Right principal action

A smooth right action of a Lie group on a bundle total space that is free and transitive along each fiber.

Right principal action

Let $G$ be a Lie group and let $\pi:P\to M$ be a surjective submersion of smooth manifolds .

A smooth right action of $G$ on $P$ is a smooth map

R: P\times G \to P,\qquad (p,g)\mapsto p\cdot g

such that for all $p\in P$ and $g,h\in G$ :

(Identity) $p\cdot e = p$ .
(Associativity) $(p\cdot g)\cdot h = p\cdot(gh)$ .

A smooth right action is called a right principal action (relative to $\pi$ ) if, in addition, 3. (Fiber-preserving) $\pi(p\cdot g)=\pi(p)$ for all $p,g$ . 4. (Free) If $p\cdot g=p$ , then $g=e$ . 5. (Fiberwise transitive) If $\pi(p)=\pi(q)$ , then there exists a unique $g\in G$ with $q=p\cdot g$ .

Equivalently, the map

P\times G \longrightarrow P\times_M P,\qquad (p,g)\longmapsto (p,\,p\cdot g)

is a diffeomorphism . When $\pi$ is a surjective submersion and $P$ carries a right principal action, $(P,\pi,M,G)$ is a principal G-bundle .

Examples

Trivial principal bundle.
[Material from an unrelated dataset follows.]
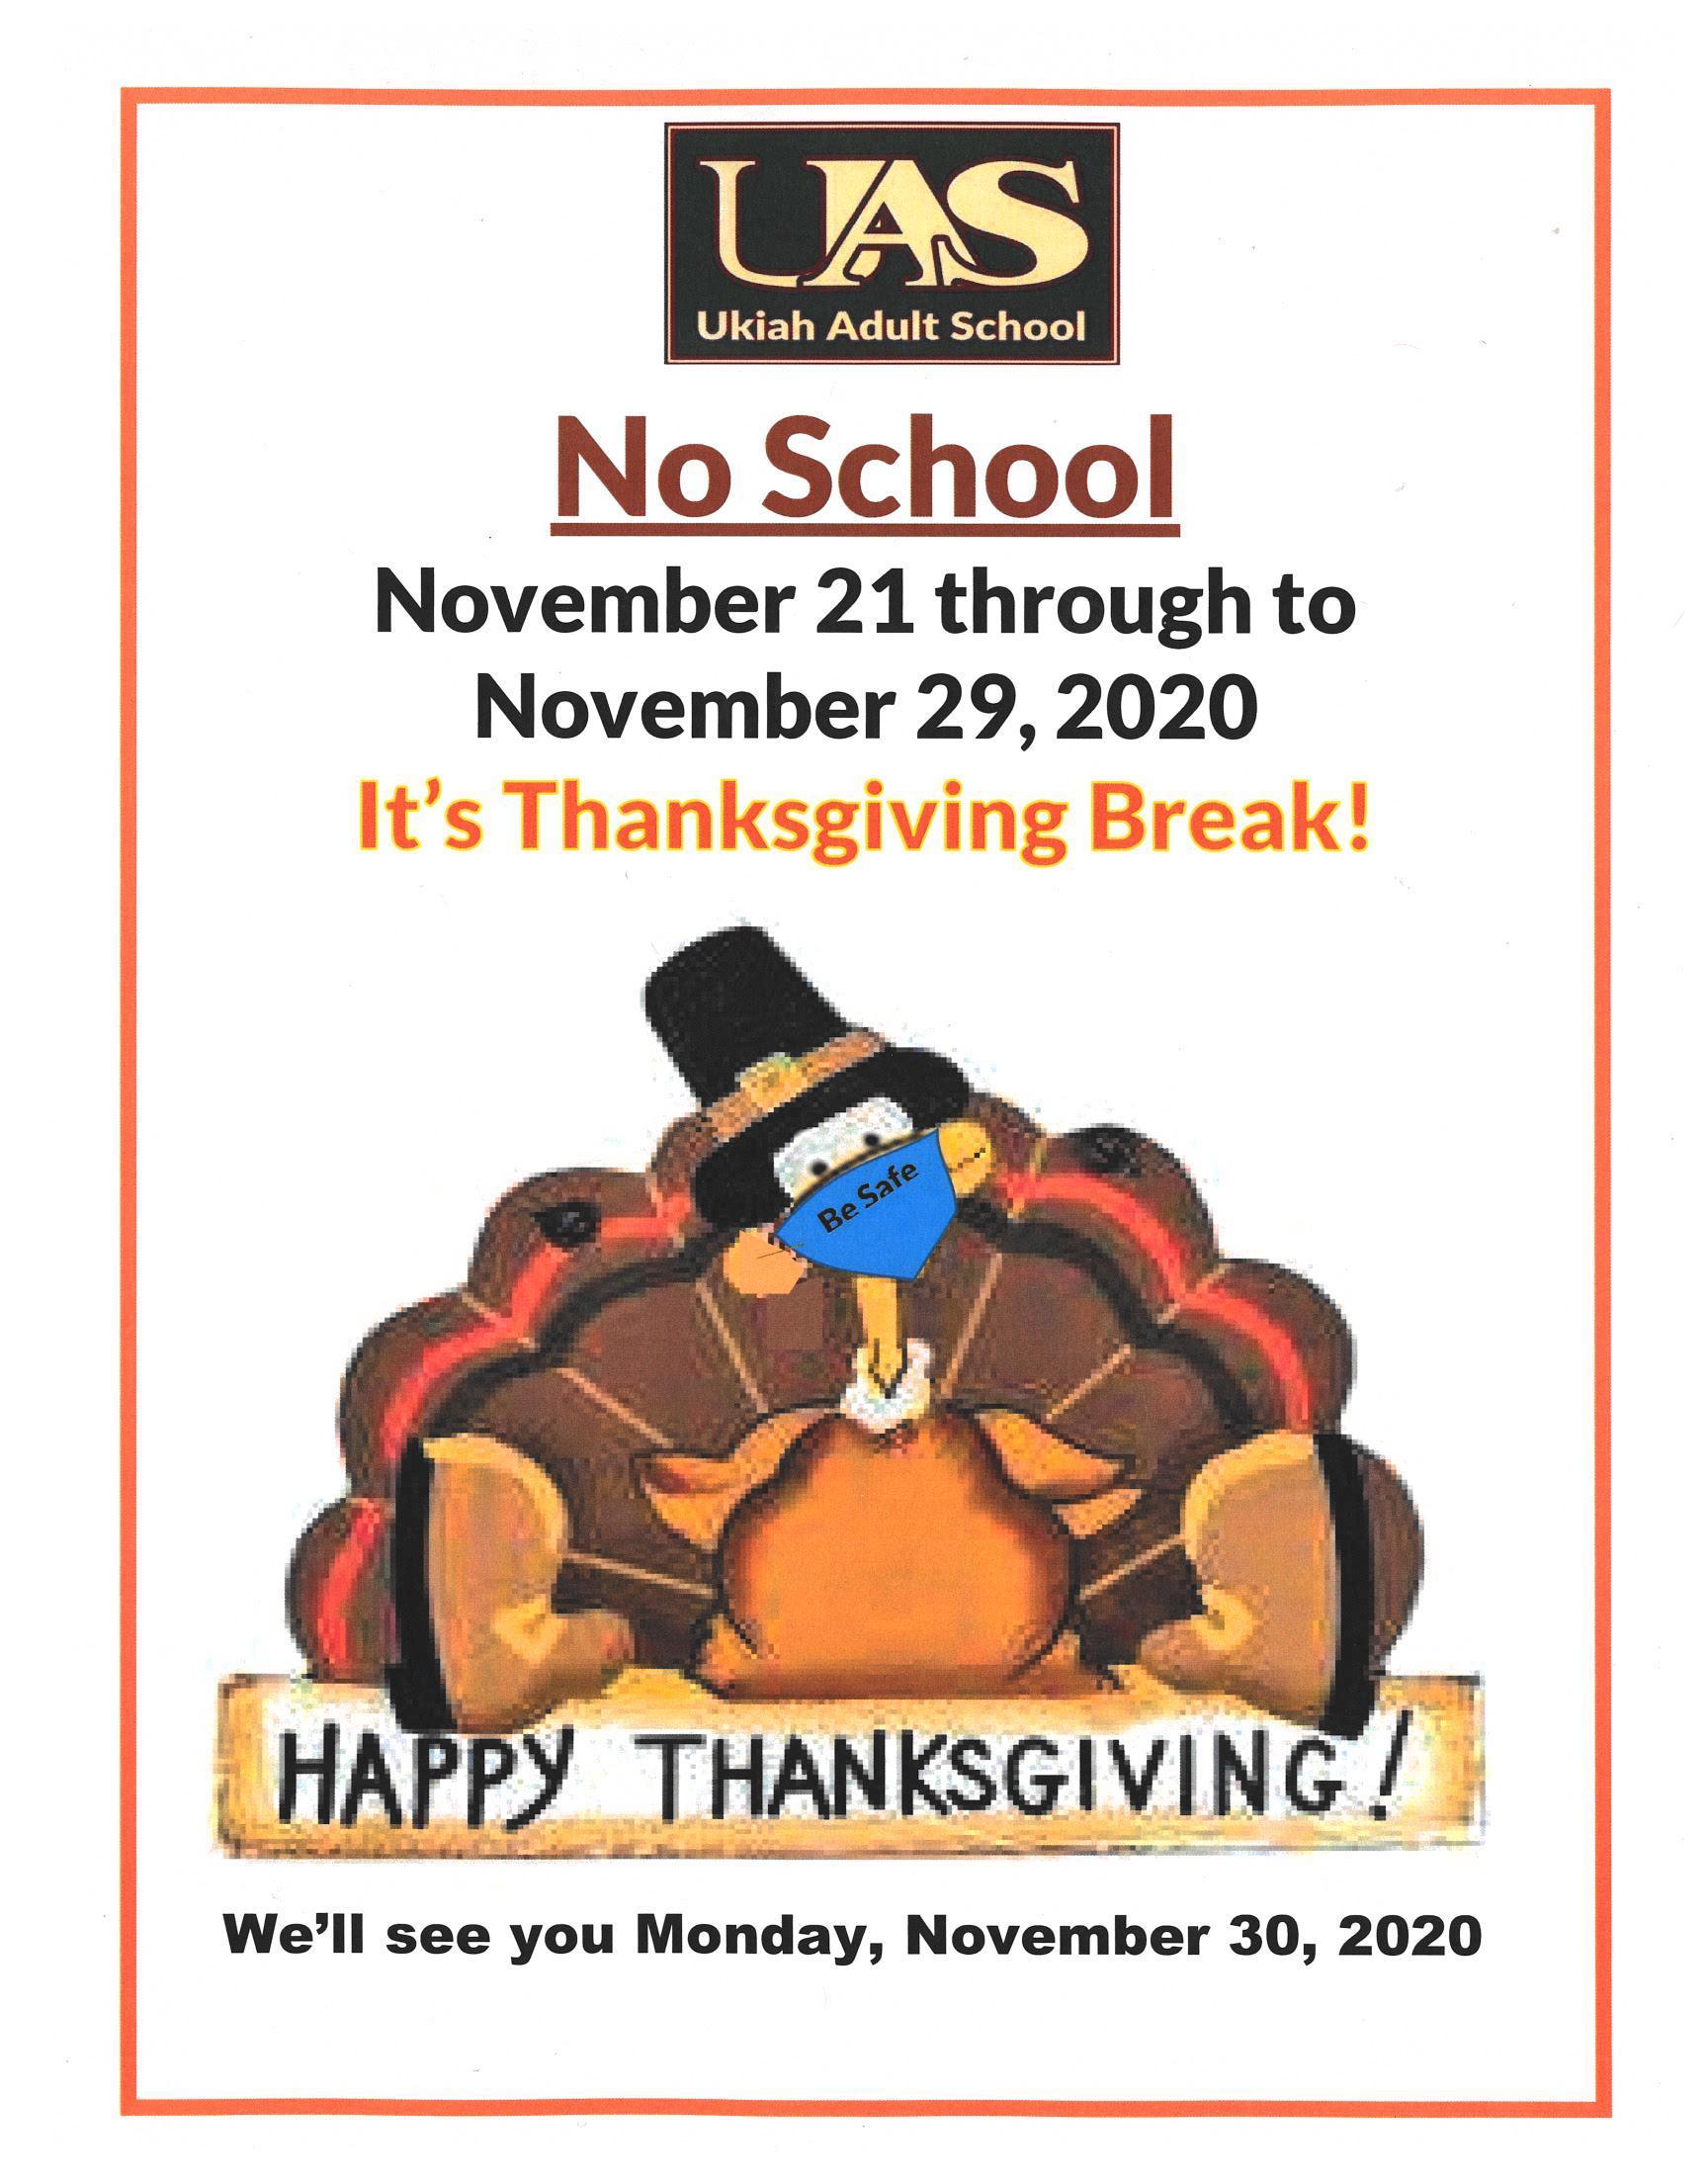 No School, november 21 through to November 29, 2020. We'll see you Monday november 30, 2020 poster

For $P=M\times G$ with $\pi(x,h)=x$ , the action $(x,h)\cdot g=(x,hg)$ is right principal.
Frame bundle. On the frame bundle $\mathrm{Fr}(M)$ of an $n$ -manifold, the right action of $GL(n)$ by change of frame is free and transitive on each fiber.
Hopf fibration. The map $S^3\to S^2$ is a principal $S^1$ -bundle, with right action given by complex (or quaternionic) multiplication by elements of $S^1$ .